Ritual and Ceremony

Ritual and Ceremony December 1, 2006

The terms “ceremony” and “ritual” became sneer-words nearly as soon as they were introduced into English and other European languages, according to Edward Muir’s Ritual in Early Modern Europe (Cambridge, 2005):

“Around the turn of the sixteenth century, as Thomas Greene has persuasively shown, ‘a kind of crisis confronted the commercial, performative sign.’ This crisis in confidence in the efficacy of ritual can be seen in what Green calls the ‘curious destiny’ of the word ‘ceremony.’ Erasmus employed a Latin neologism ceremoniolae , which has been translated by one scholar as ‘trivial little ritual nonsense.’ In English one of the definitions of ‘ceremony’ had become ‘a rite or observant regarded as merely formal or external; an empty form.’ . . .

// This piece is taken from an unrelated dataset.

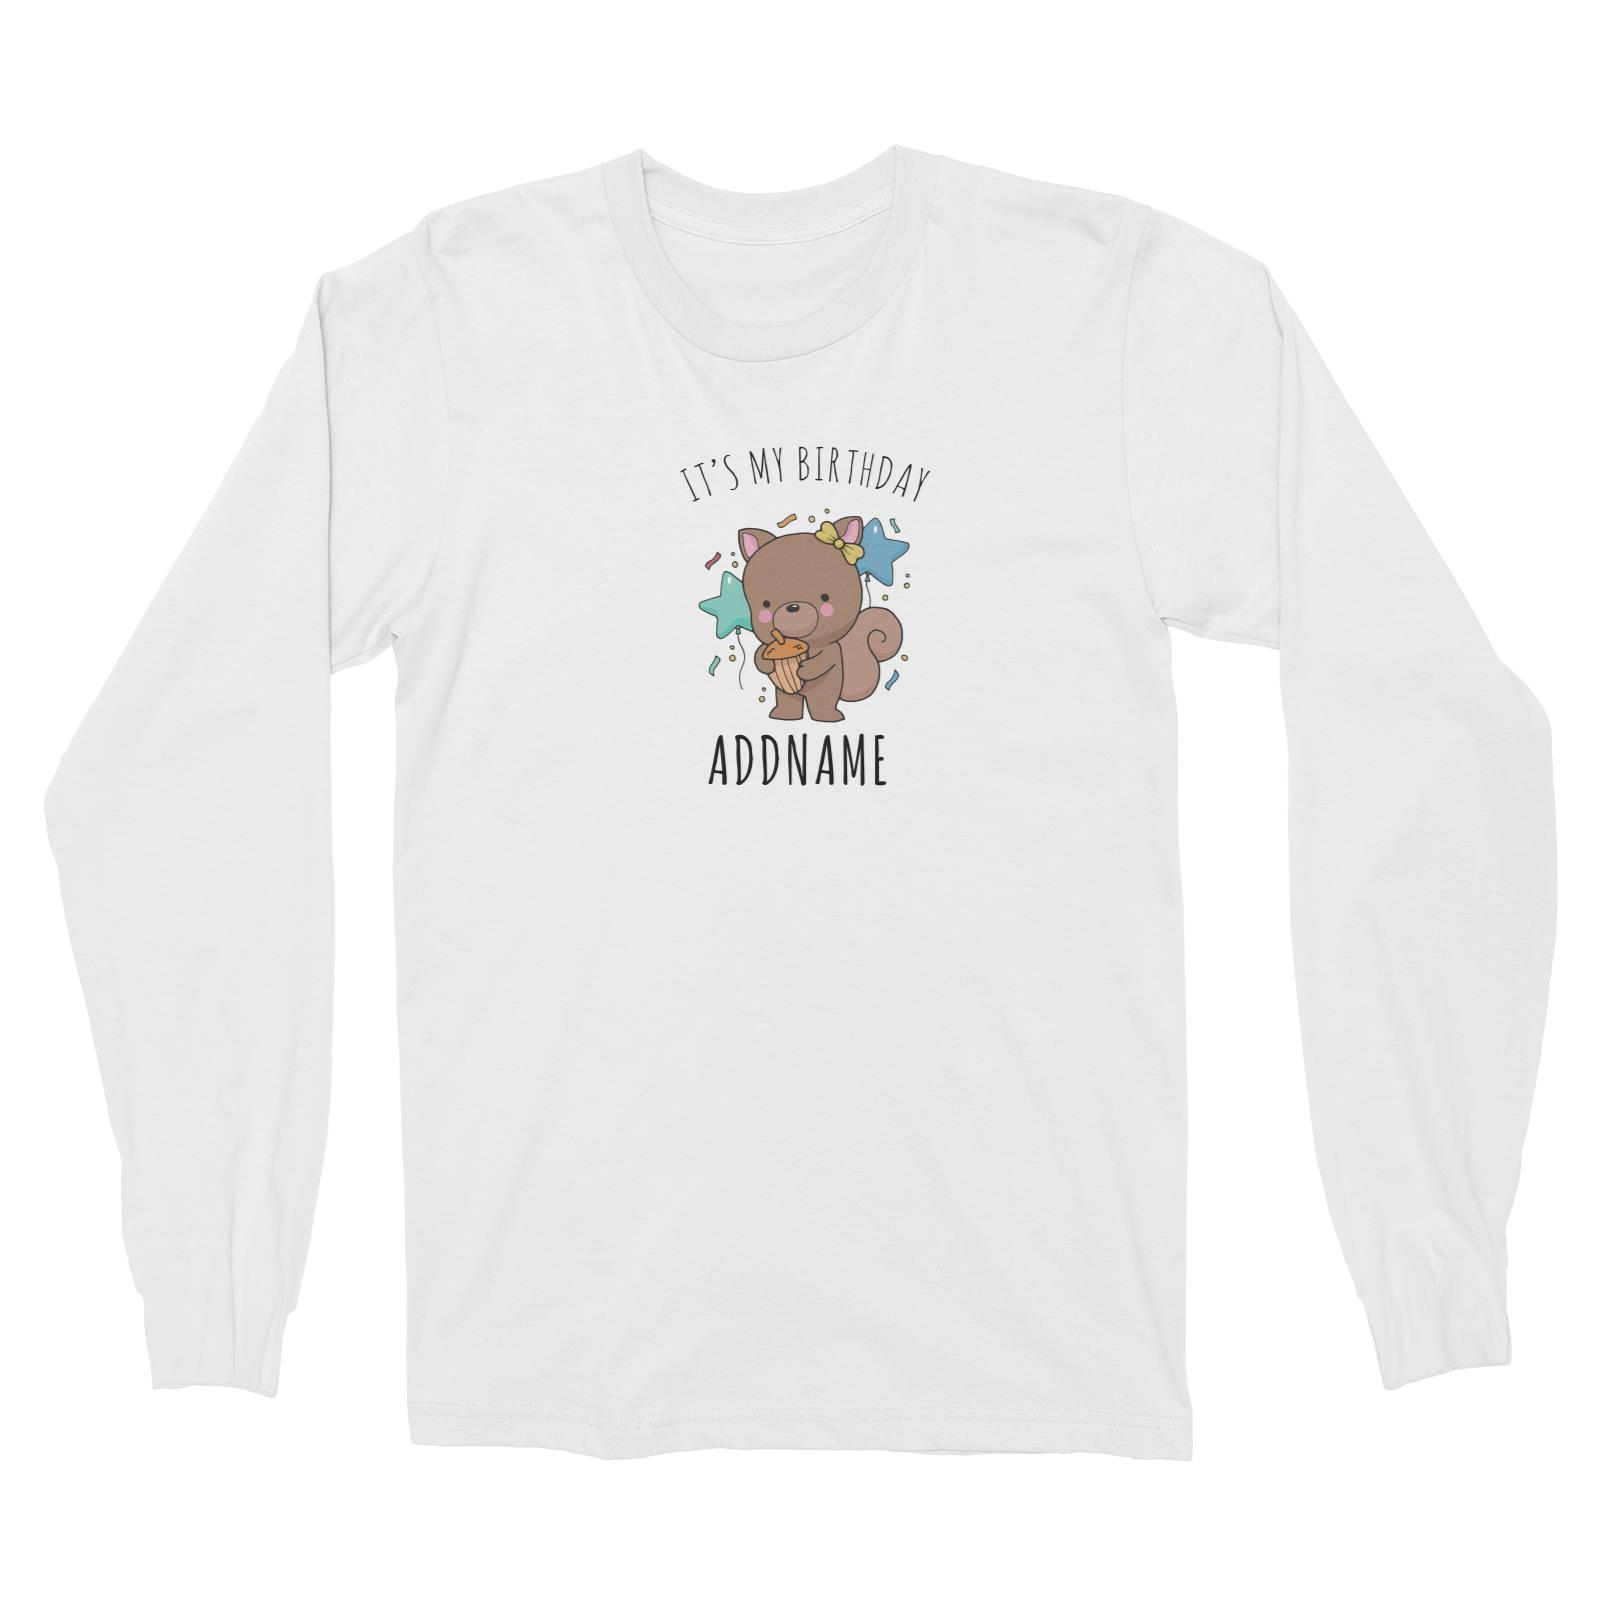 Birthday Sketch Animals Squirrel with Acorn It's My Birthday Addname Long Sleeve Unisex T-Shirt
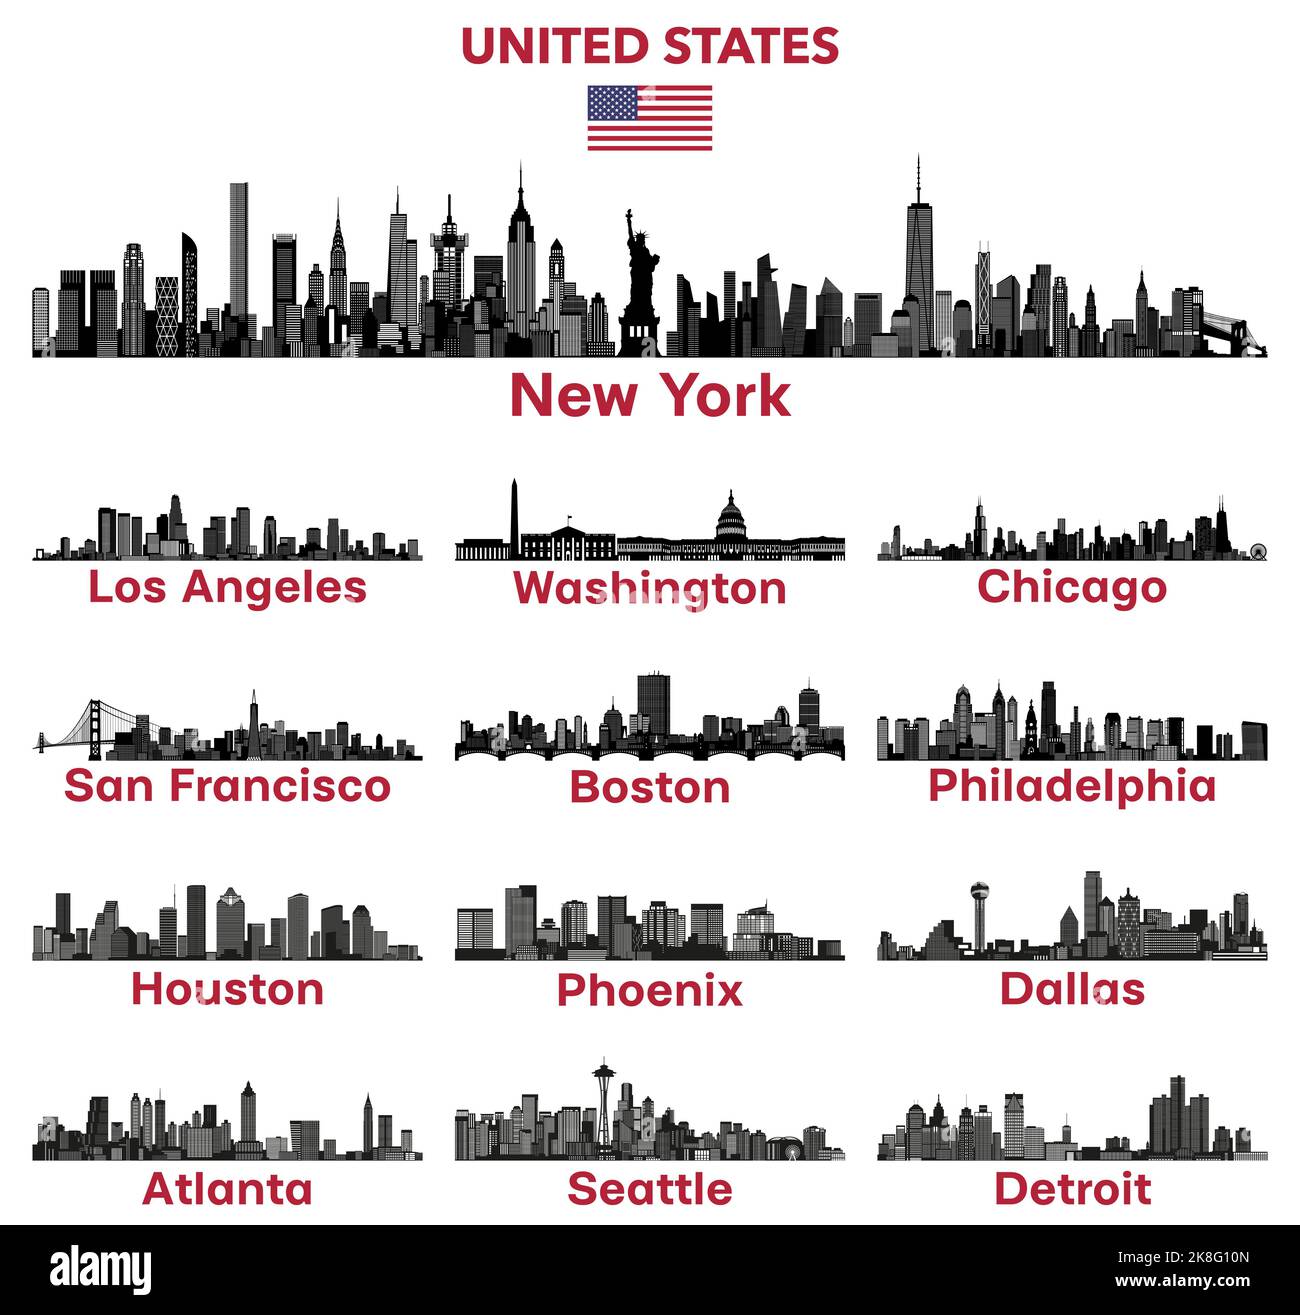 United States Cities Skylines Silhouetten Vektor-Illustrationen Stock Vektor

“The Oxford English Dictionary’s first recorded use of ‘ceremony’ with a disparaging meaning is 1533, when it was contrasted to the true body of Christ: ‘Shal we become Jewes and go backe to the shadow and ceremonie, sith [even though] we have the body and signification whiche is Christ?’ A social critic of the English aristocracy later complained that gentility is ‘a meer flash, a ceremony, a toy, a thing of nought.’ In fact, the word ‘ritual’ as opposed to ‘rite’ began as pejorative word in English, first appearing according to the OED in 1570: ‘contayning no maner of doctrine . . . but only certayn ritual decrees to no purpose.’ The same pattern appears in other vernacular languages of Europe during the sixteenth century. Giovanni Della Casa cited ceremonies, lies, and dreams as examples of illusions that should be ignored; these were things that consist in ‘appearances without substance and in words without meaning.’ In Italian ceremonie became a synonym for vanita . Struck by the degenerates who congregated around the pope, a French visitor reported in the middle of the century that ‘I only found ceremony there,’ and his compatriot, Michel de Montaigne, wrote ‘we are only ceremonies’ to convey his disgust with the hypocrisy of social formalities. Rather than offering access to divine mysteries and hidden powers, ‘ceremonies’ and by extension ‘rituals’ came to be considered in the minds of some, at least, as synonymous with fraud.”